We rely on you to let the Trust know if your contact details change and will annually ask you to let us know if your details have changed.

You may request that your membership is cancelled, which will result in your information being removed from our database. To cancel your membership you can:

Email: rduh.royaldevonmembers@nhs.net

Tel: 01392 403977

Write to us:

Royal Devon Membership
Room 422, Noy Scott House
Royal Devon and Exeter Hospital (Wonford)
Barrack Road
Exeter
EX2 5DW

The information you provided will be managed as required by Data Protection law.

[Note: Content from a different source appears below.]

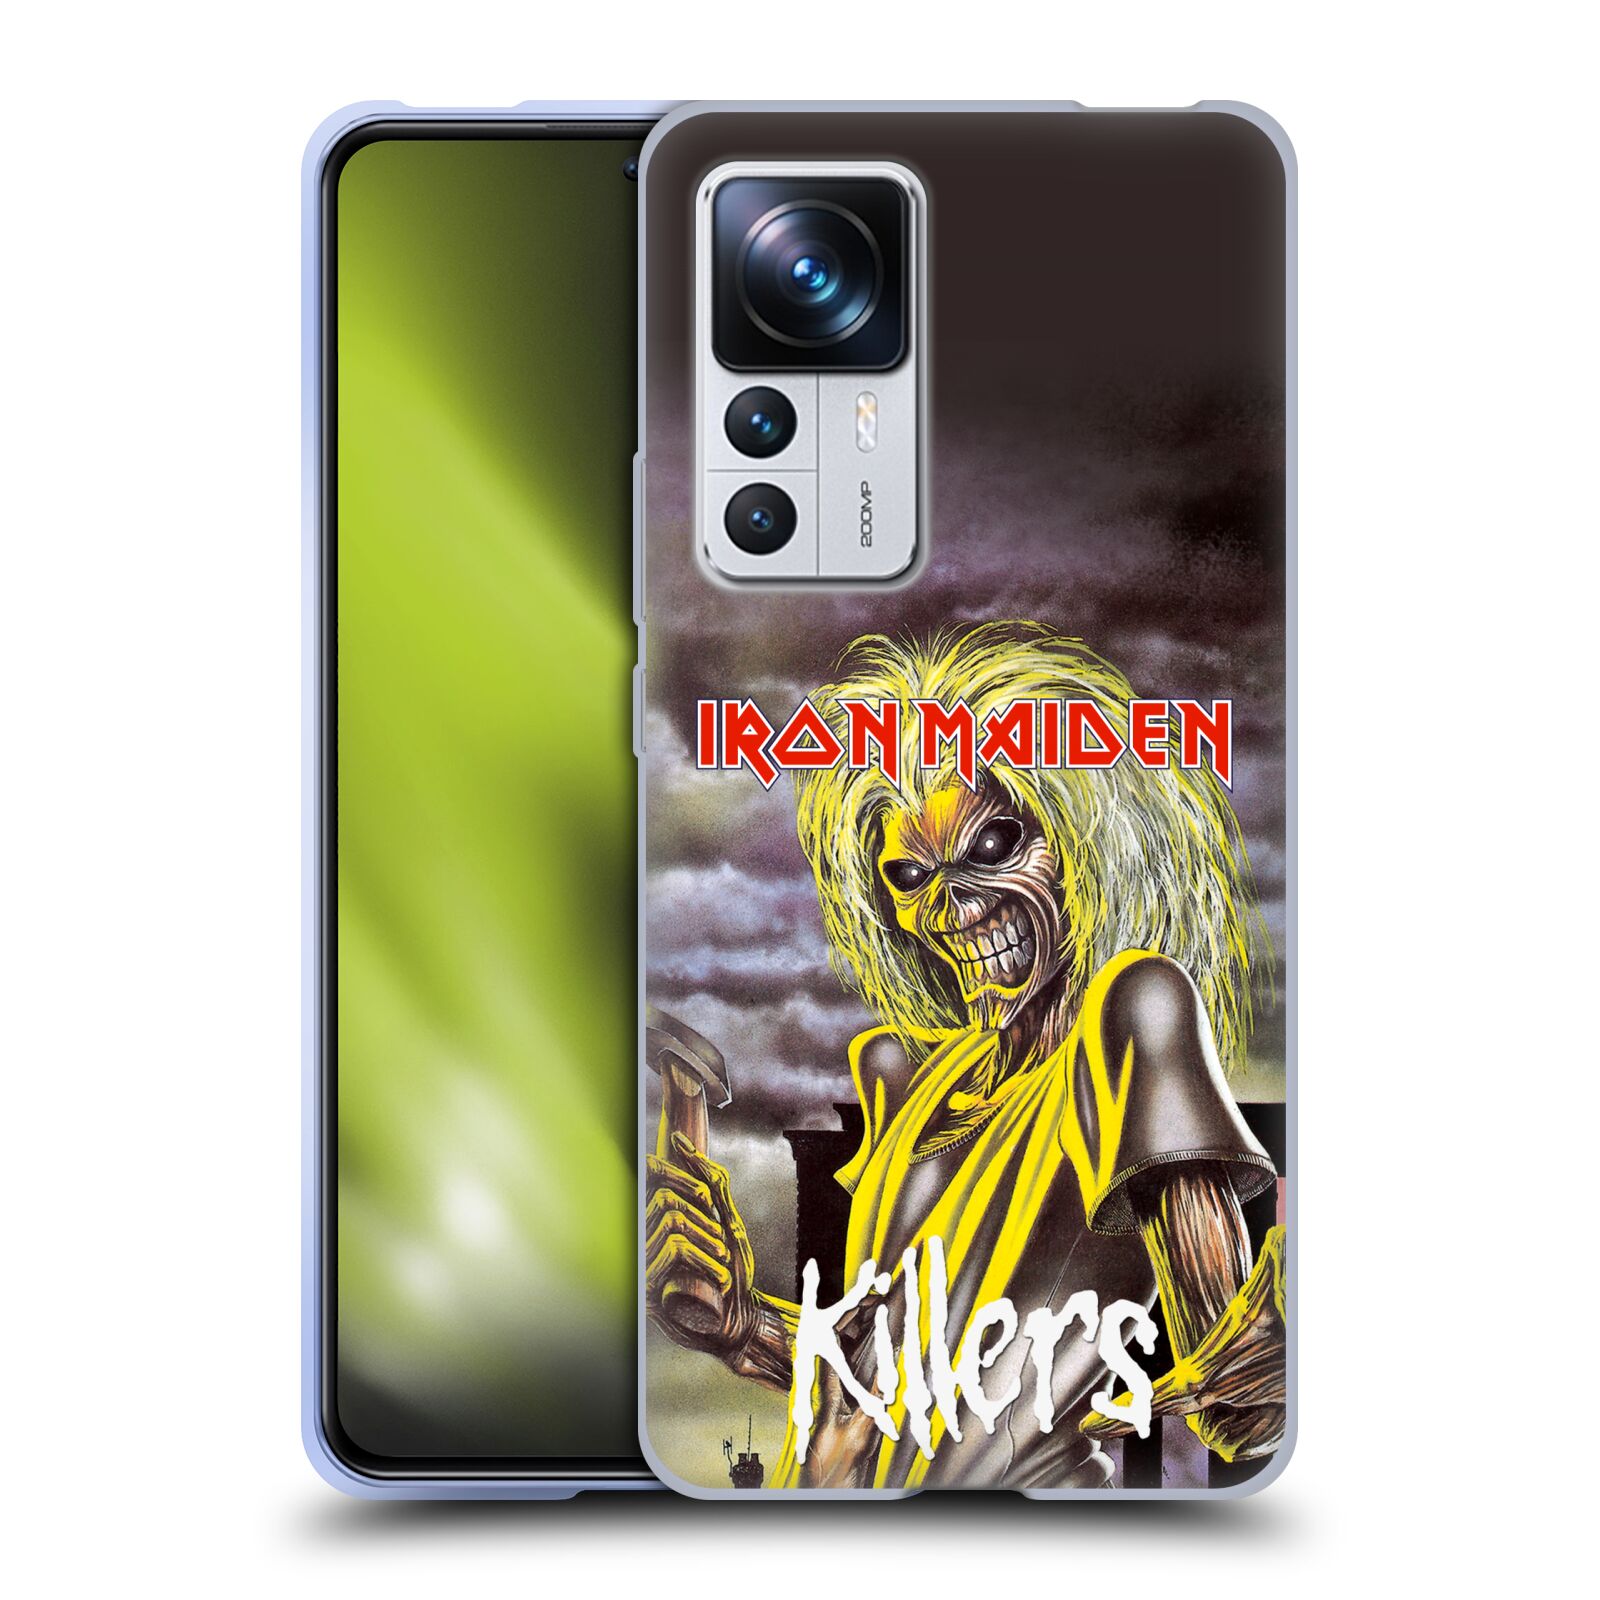 Silikonové pouzdro na mobil Xiaomi 12T / 12T Pro - Head Case - Iron Maiden - Killers (Silikonový kryt, obal, pouzdro na mobilní telefon Xiaomi 12T / 12T Pro s motivem Iron Maiden - Killers)

You have the following rights:

• The right of access – You have the right to Request access to the personal data we hold about you and/or copies of your personal information.
• The right to rectification – You have the right to ask us to rectify personal information you think is inaccurate. You also have the right to ask us to complete information you think is incomplete.
• The right to erasure – You have the right to ask us to erase your personal information in certain circumstances.
• The right to restriction of processing – You have the right to ask us to restrict the processing of your personal information in certain circumstances.
• The right to object to processing – You have the right to object to the processing of your personal information in certain circumstances.
• The right to data portability – You have the right to ask that we transfer the personal information you gave us to another organisation, or to you, in certain circumstances.

Our contact details:

Royal Devon Membership
Room 422, Noy Scott House
Royal Devon and Exeter Hospital (Wonford)
Barrack Road
Exeter
EX2 5DW

Email: rduh.royaldevonmembers@nhs.net

Tel: 01392 403977

If you have any questions or concerns about how we manage your information, then please contact the Data Protection Officer for our Trust:

Data Protection Officer – Rhiannon Platt
Royal Devon University Healthcare NHS Foundation Trust
Information Governance Office
Royal Devon and Exeter Hospital (Wonford)
Barrack Road,
Exeter
EX2 5DW

Email: rduh.dpo@nhs.net

The Information Commissioner’s Office (ICO) is the body that regulates Data Protection and Freedom of Information https://ico.org.uk/

If you are not satisfied with our DPO response or believe we are not processing your personal data in accordance with the law, you can complain to the ICO at:

Information Commissioner's Office
Wycliffe House
Water Lane
Wilmslow
Cheshire
SK9 5AF

Tel: 0303 123 1113

Web: https://ico.org.uk/concerns/

This privacy notice may be updated to reflect changes in our data processing practices. Any updates will be communicated through our website or other appropriate channels and have the updated effective date.

This privacy notice was last updated on 26 February 2024 and is available on the Trust website.